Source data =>
::::

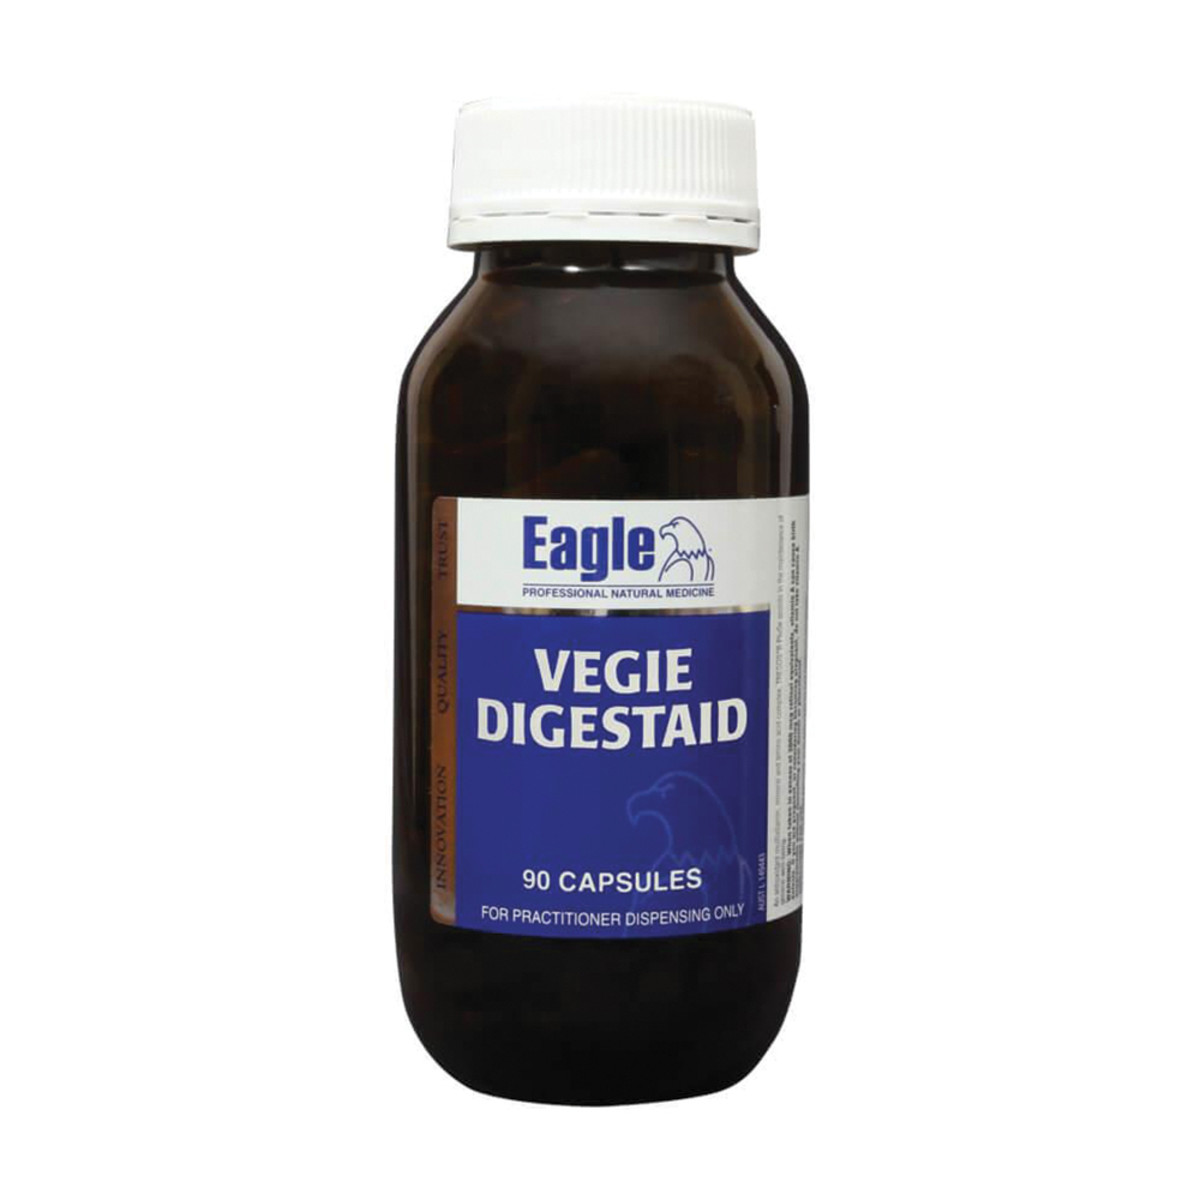 EAGLE - Vegie Digestaid
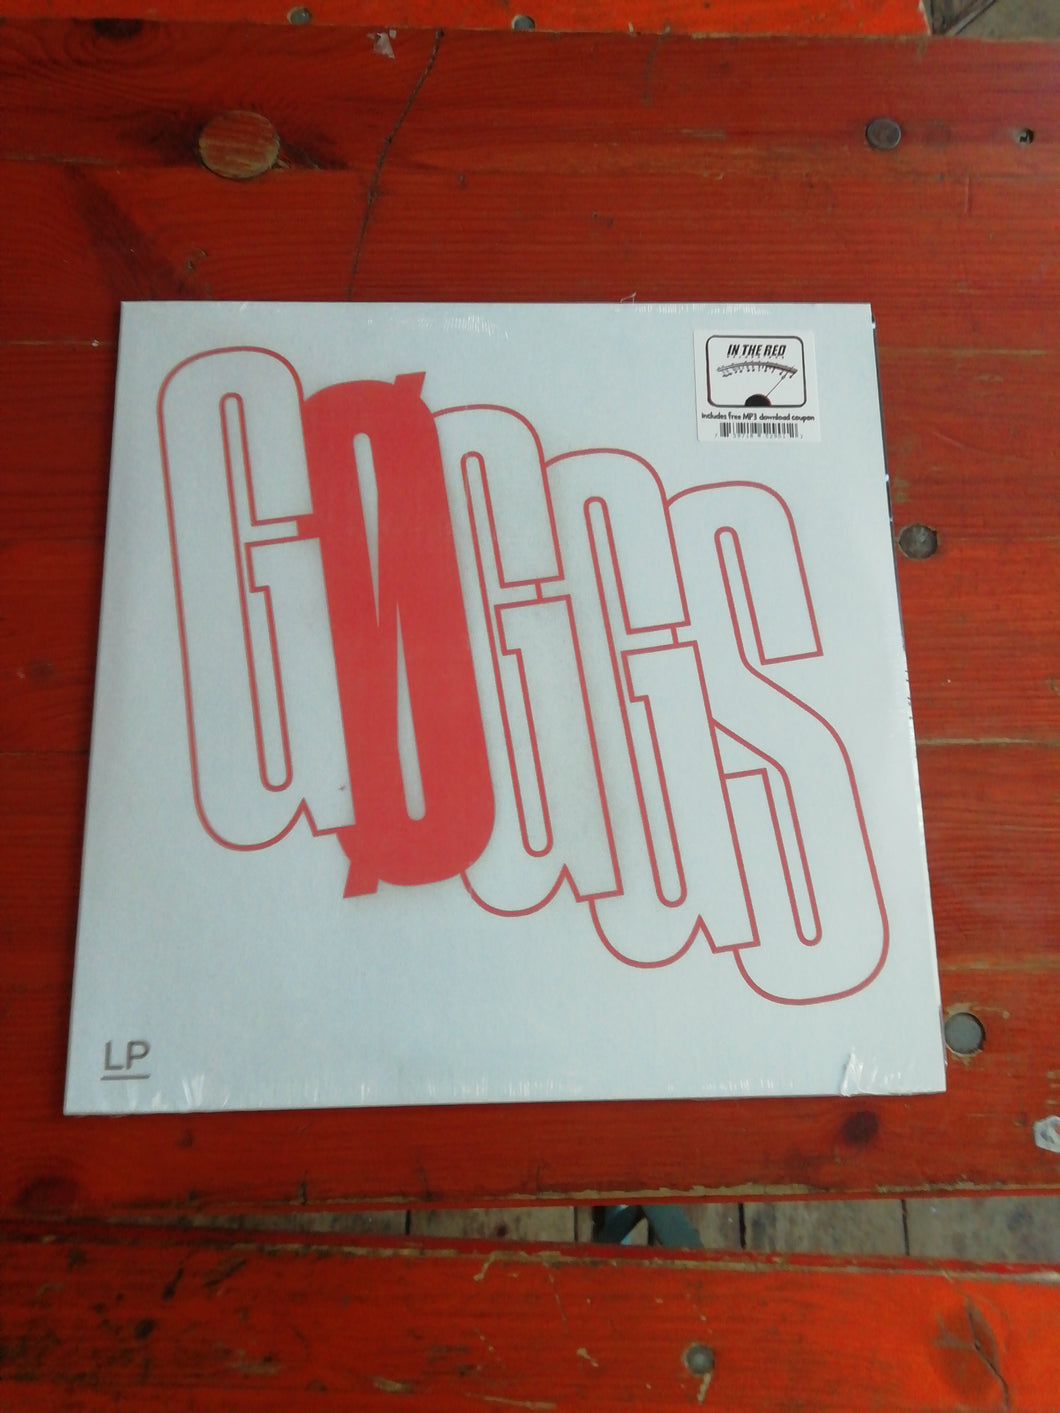 Goggs - Goggs
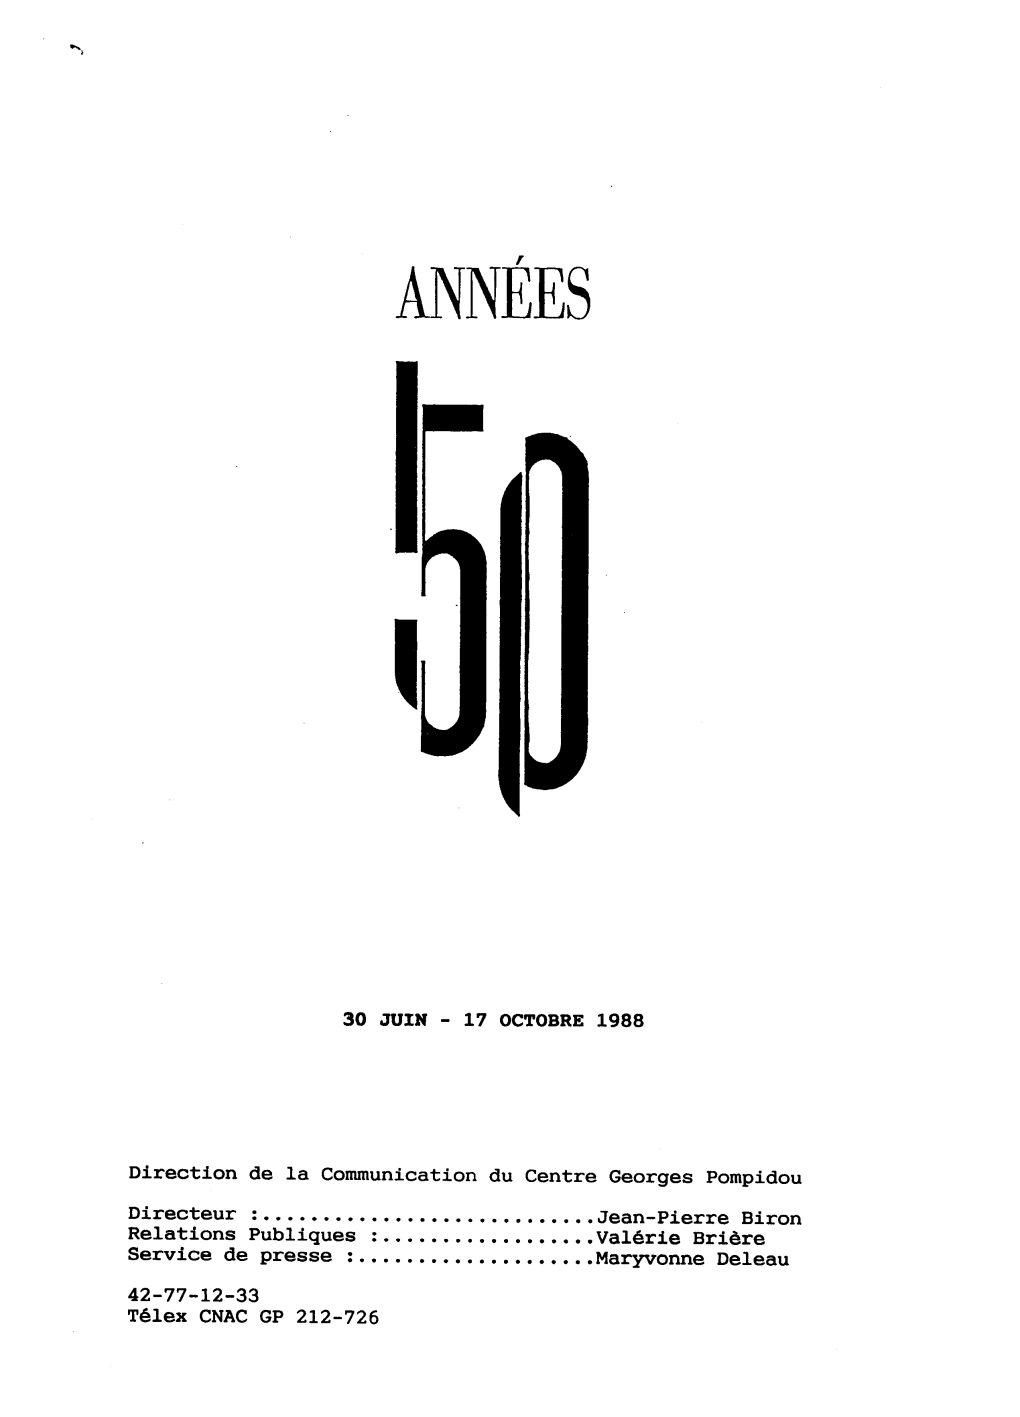 Dossier De Presse Les Années 50 1988
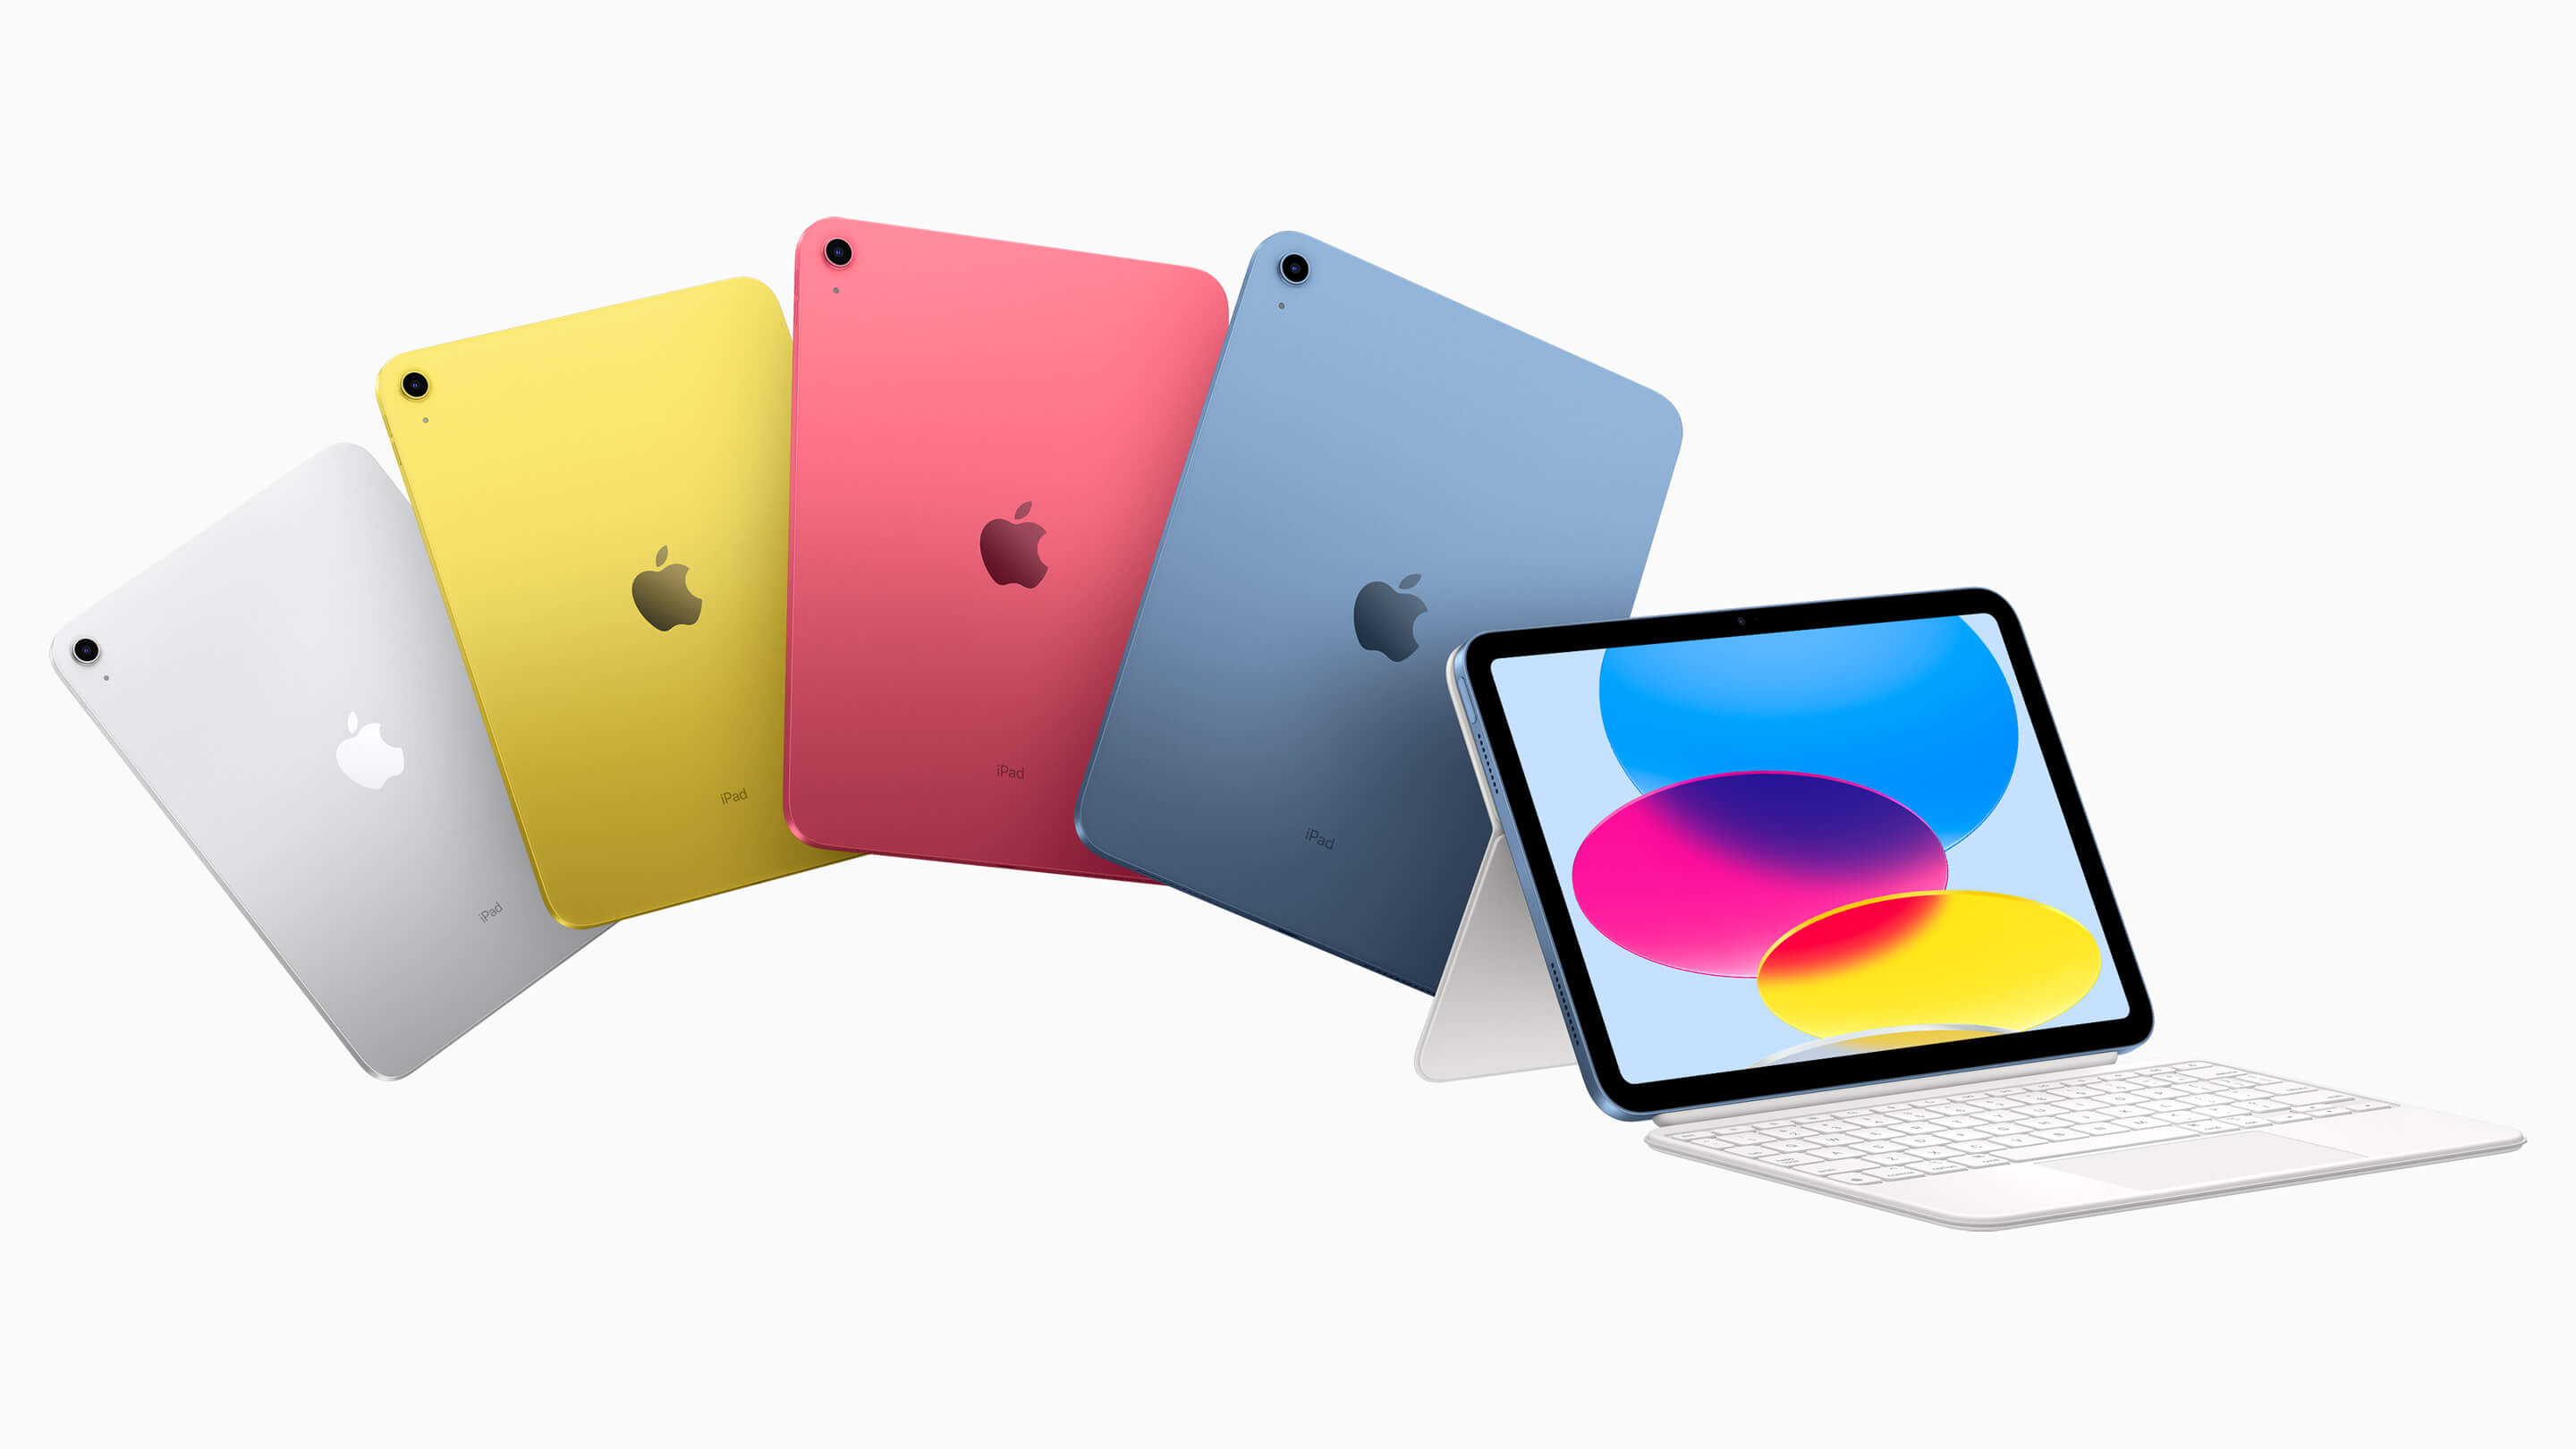 De nieuwe iPad komt in vier verschillende kleuren: welke kies jij?
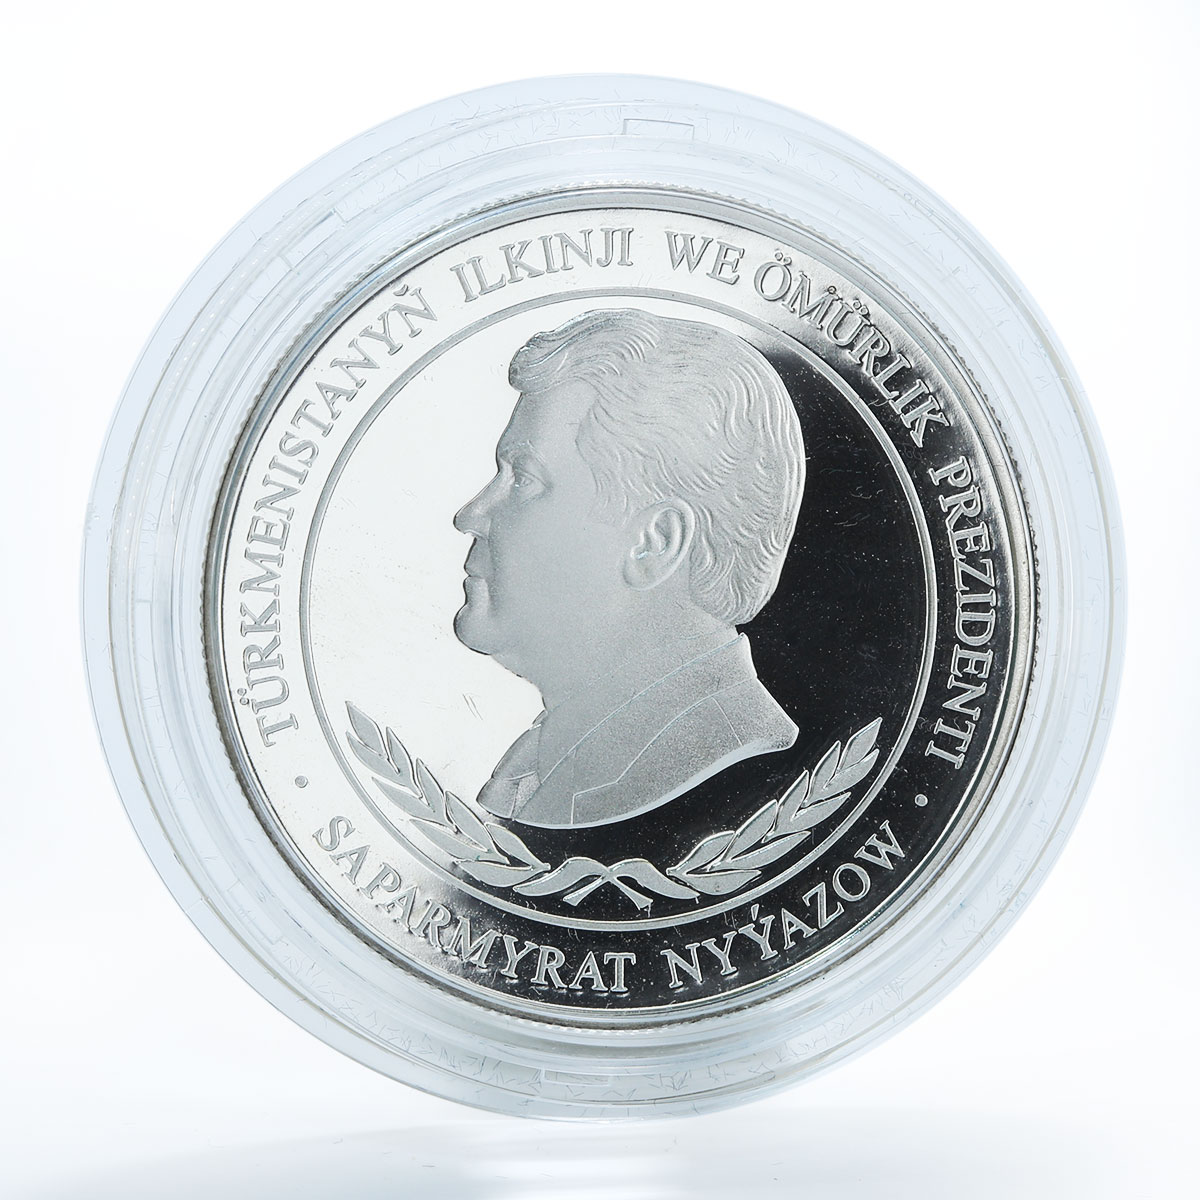 Turkmenistan 500 manat, Mohammad Bairam Khan Turkmen, silver coin, 2001

::::

Work to be completed => Would you please repeat each record exactly? Leave the pictures out.

Response for this exercise =>
 EAGLE - Vegie Digestaid
 Goggs - Goggs
 Dossier De Presse Les Années 50 1988
 De nieuwe iPad komt in vier verschillende kleuren: welke kies jij?
 Turkmenistan 500 manat, Mohammad Bairam Khan Turkmen, silver coin, 2001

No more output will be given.